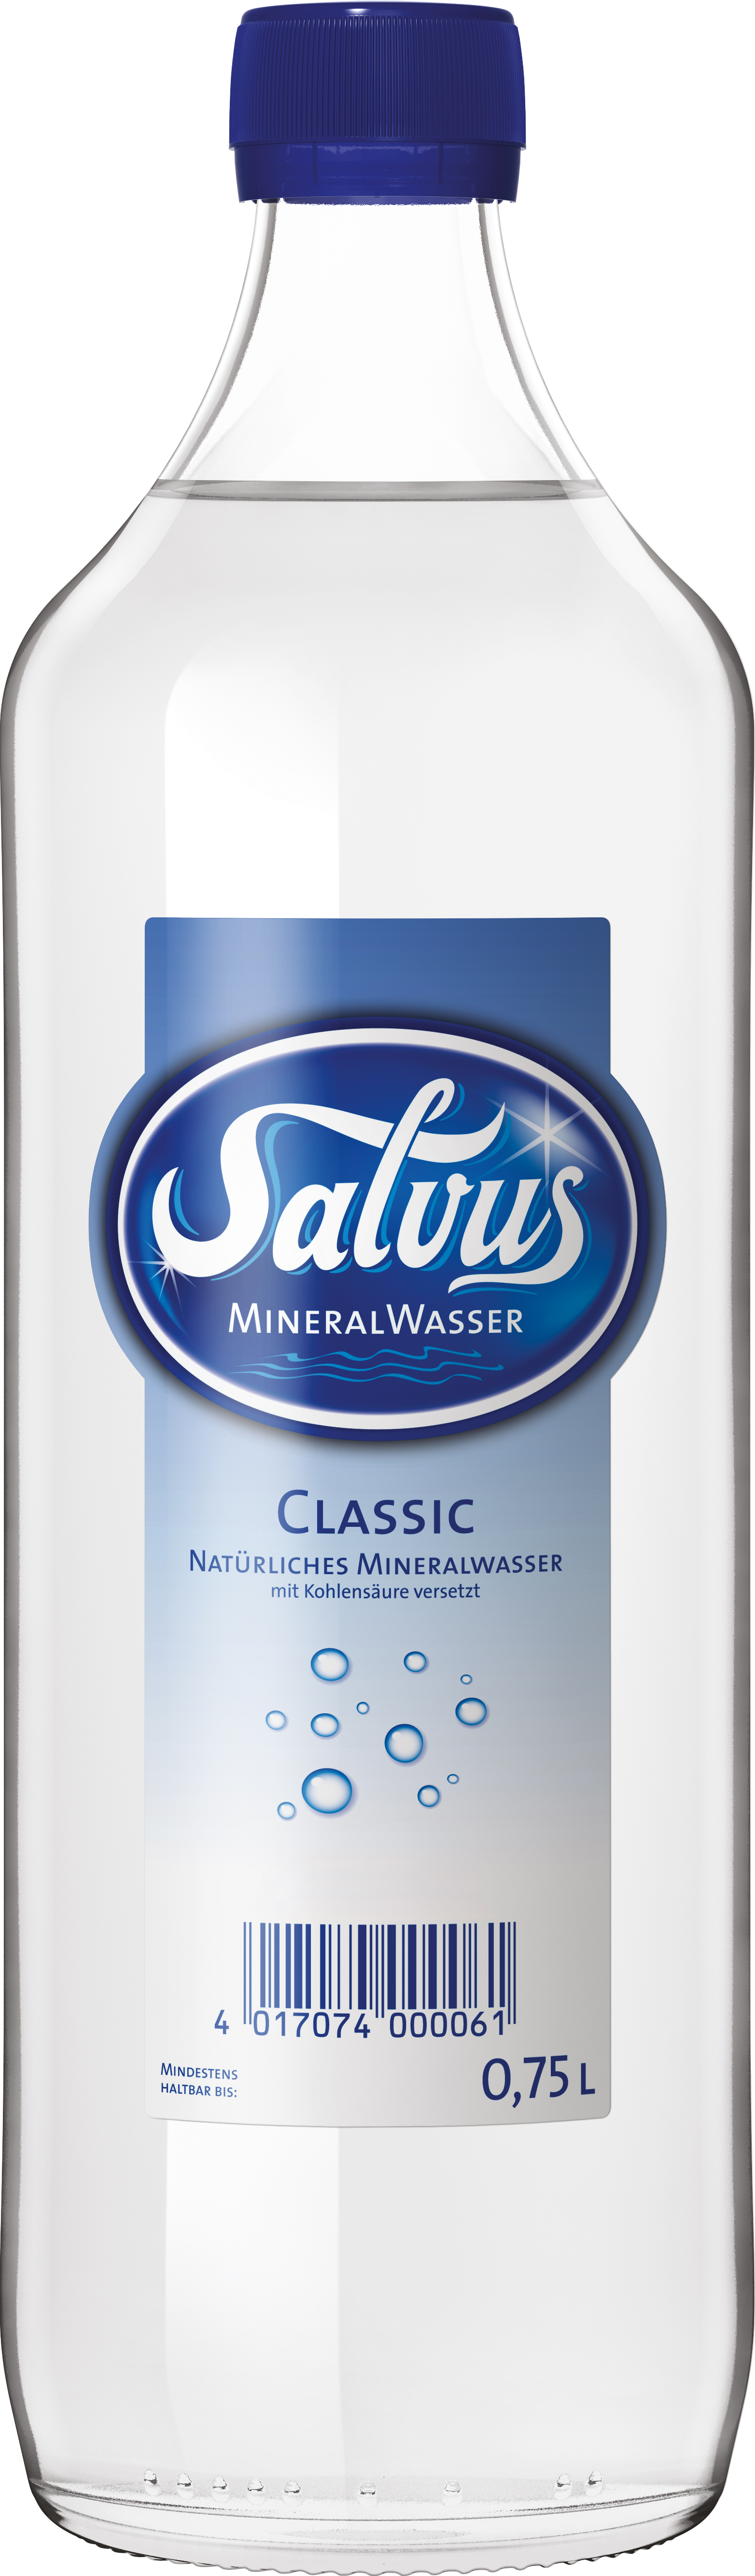 Salvus Classic 12x0,75l (Glas) MW
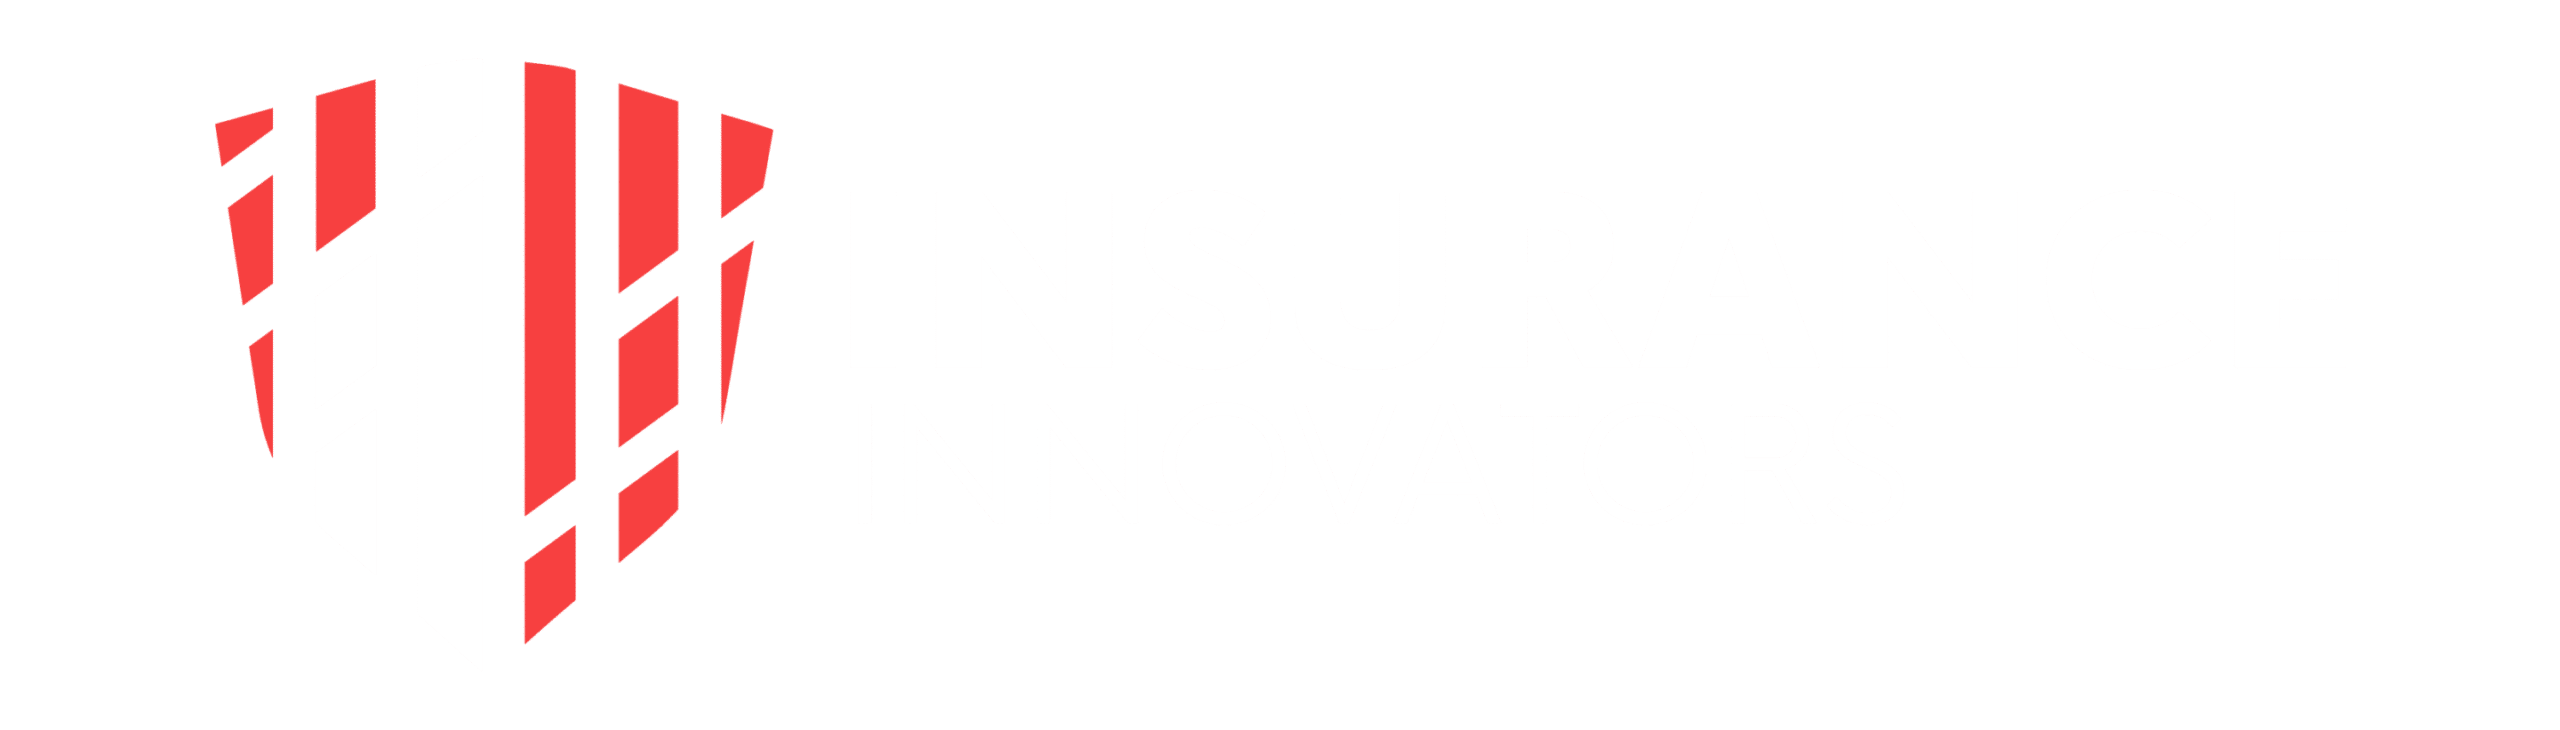 Insurance Innovators TV Logo
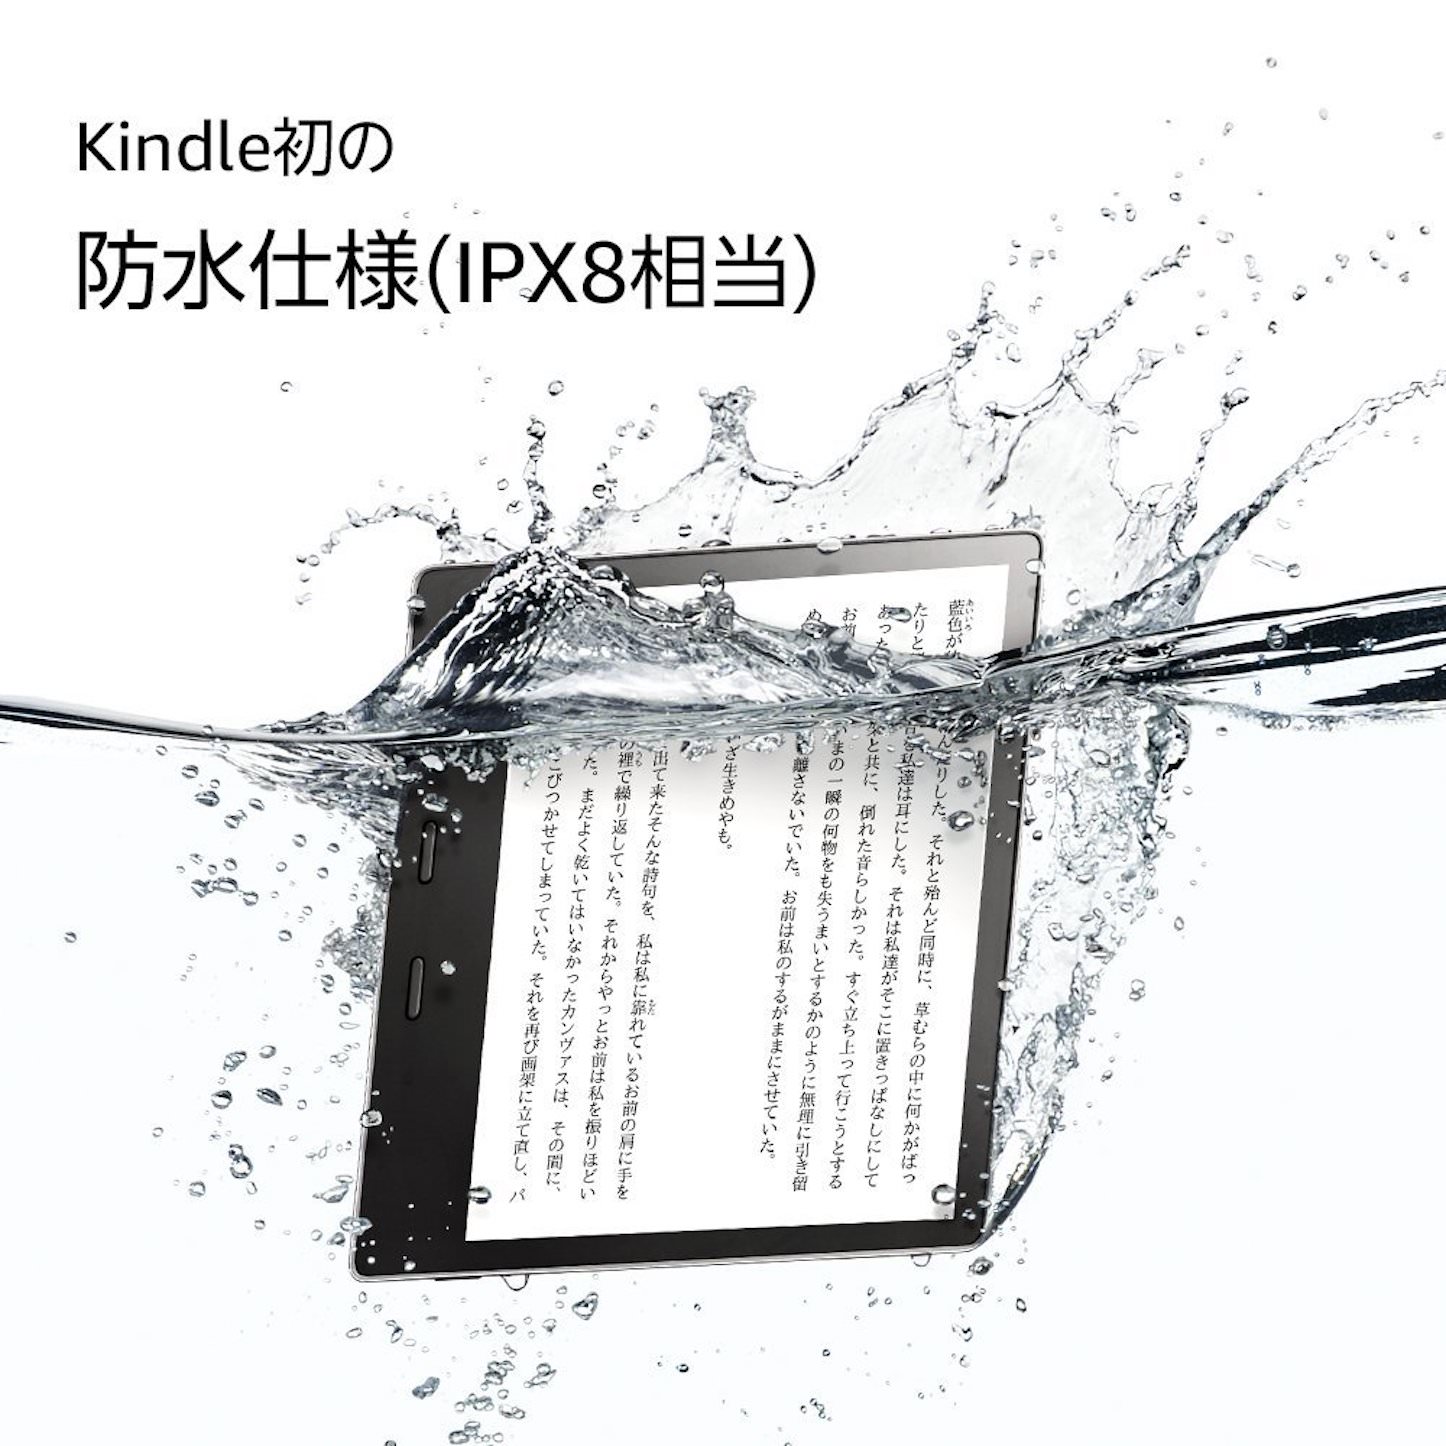 Waterproof-Kindle.jpg
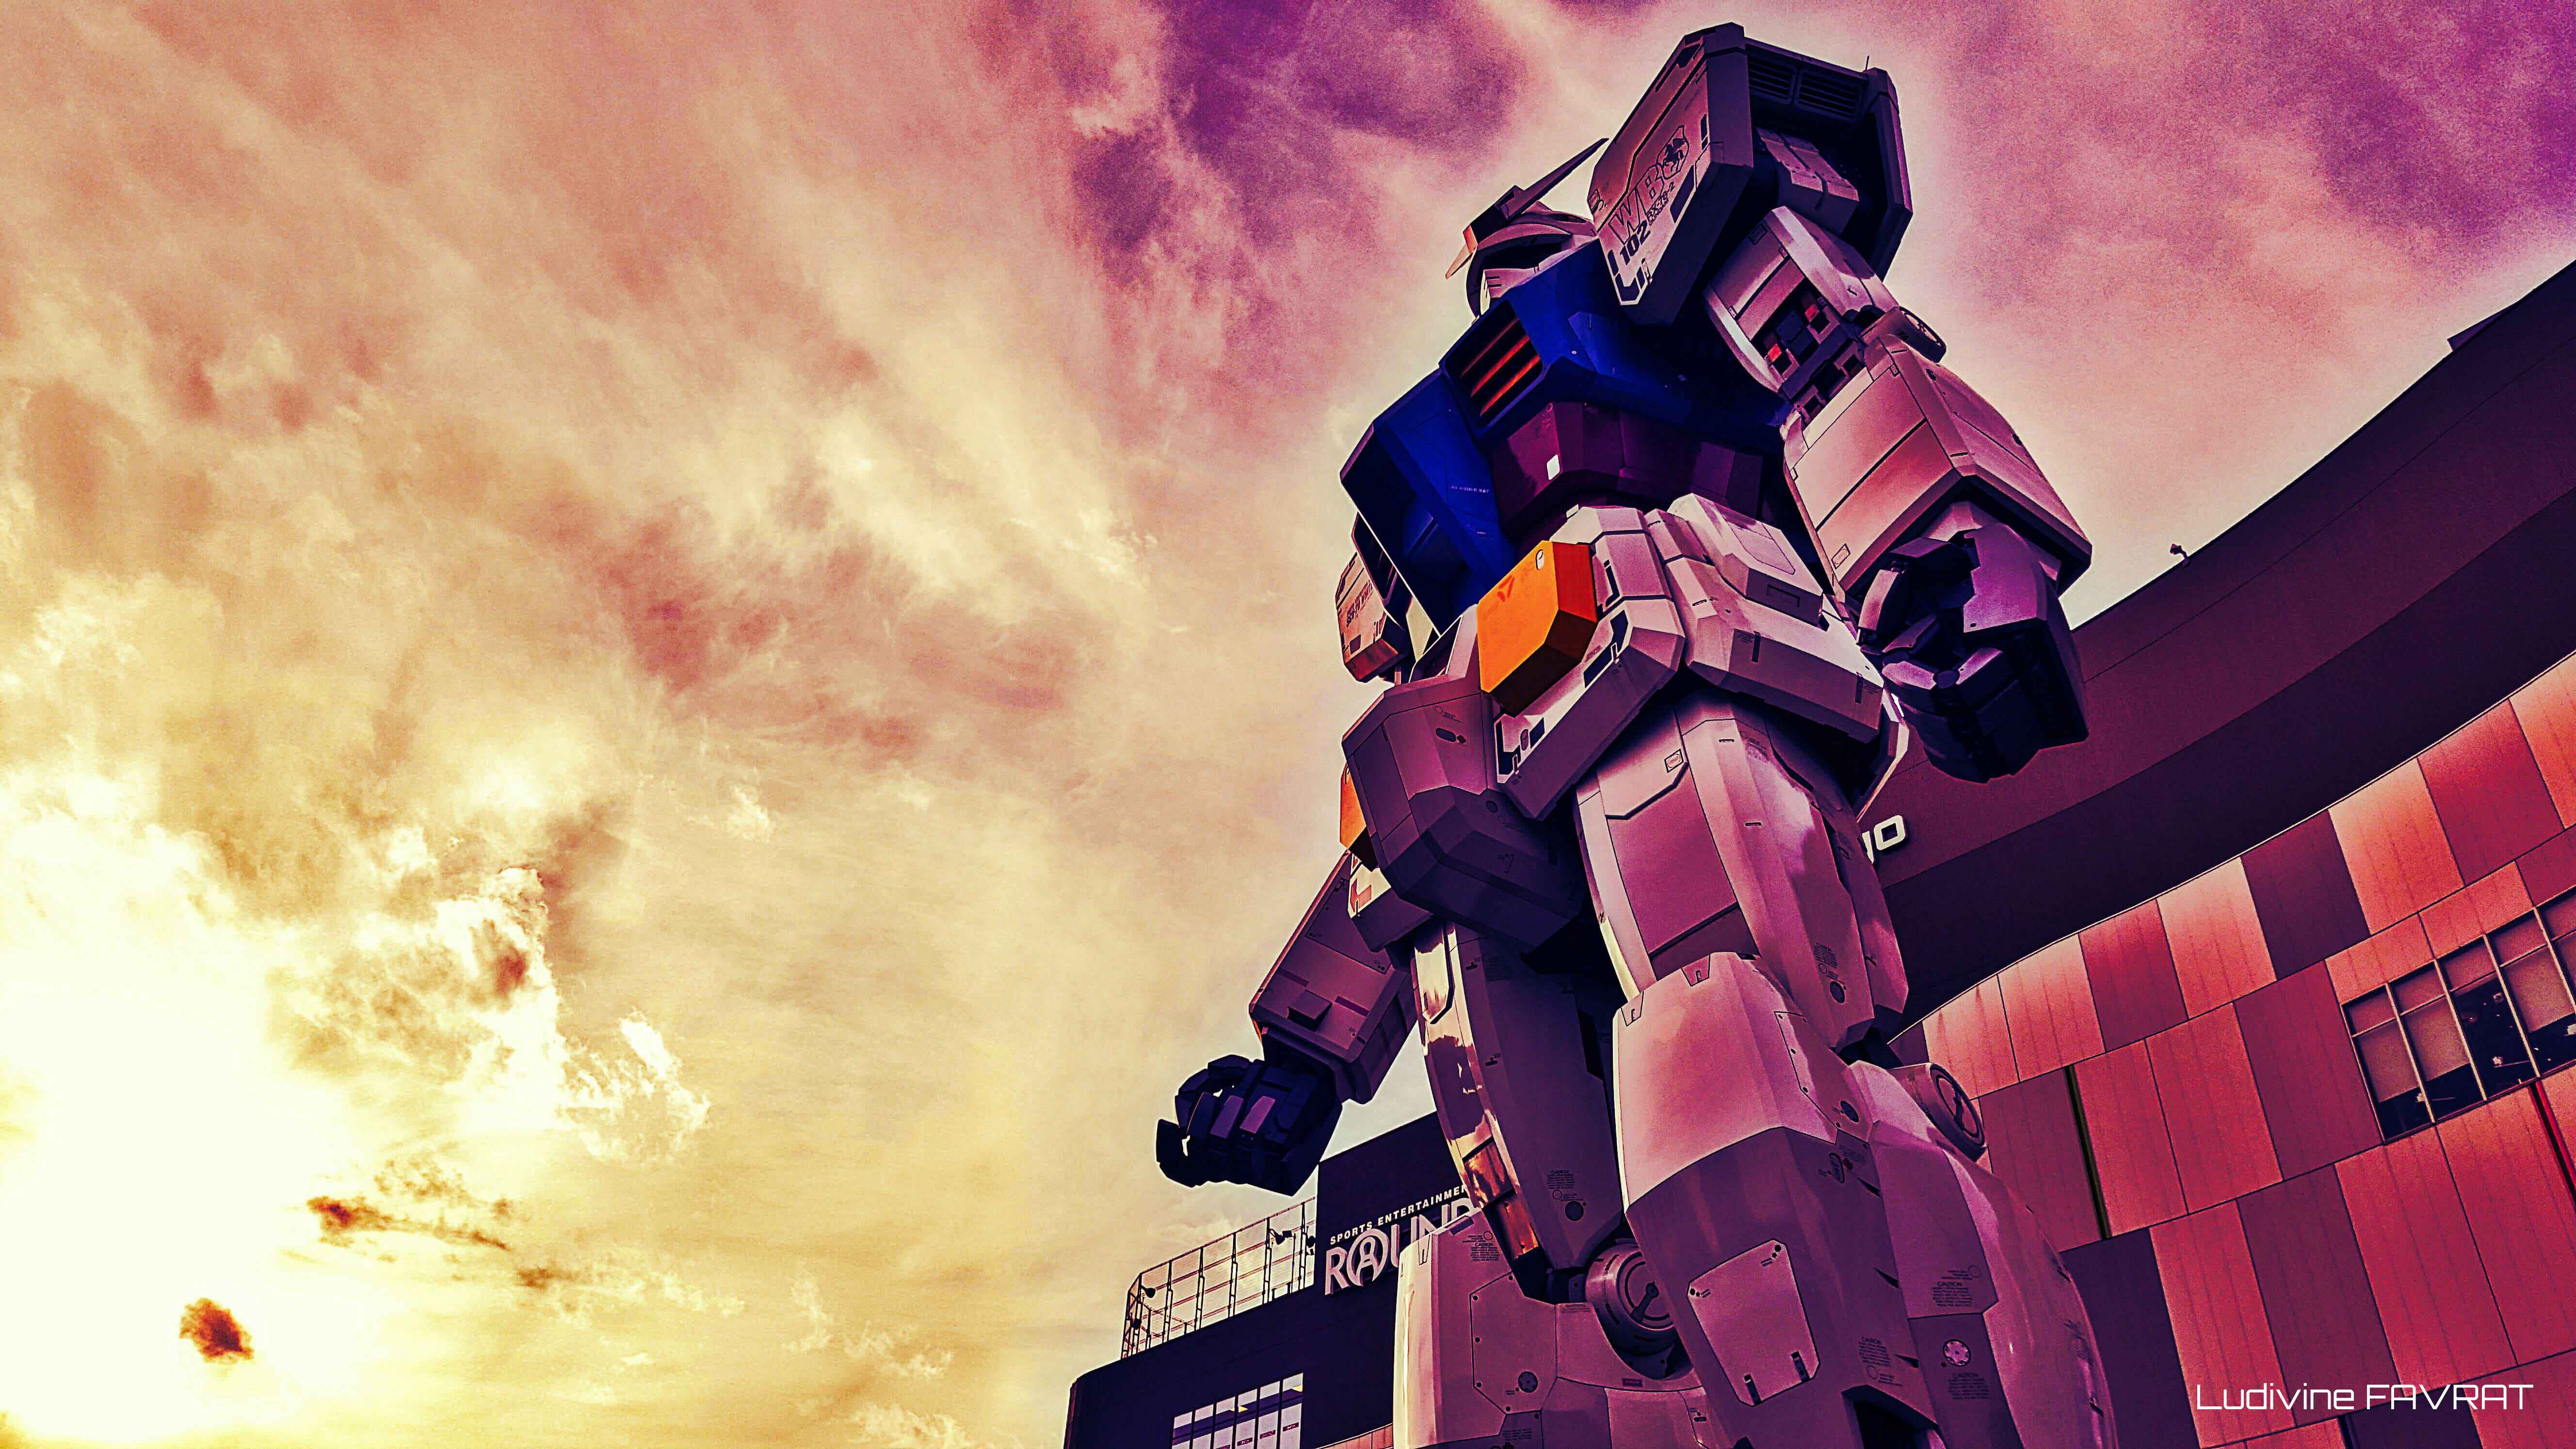 Gundam, création numérique d'après photo personelle

..........

EXERCISE — Your answer should reproduce every line of the data verbatim and include no images.

ANSWER TO THIS TASK —
 Salvus Classic 12x0,75l (Glas) MW
 Insurance Innovators TV Logo
 Waterproof-Kindle.jpg
 Gundam, création numérique d'après photo personelle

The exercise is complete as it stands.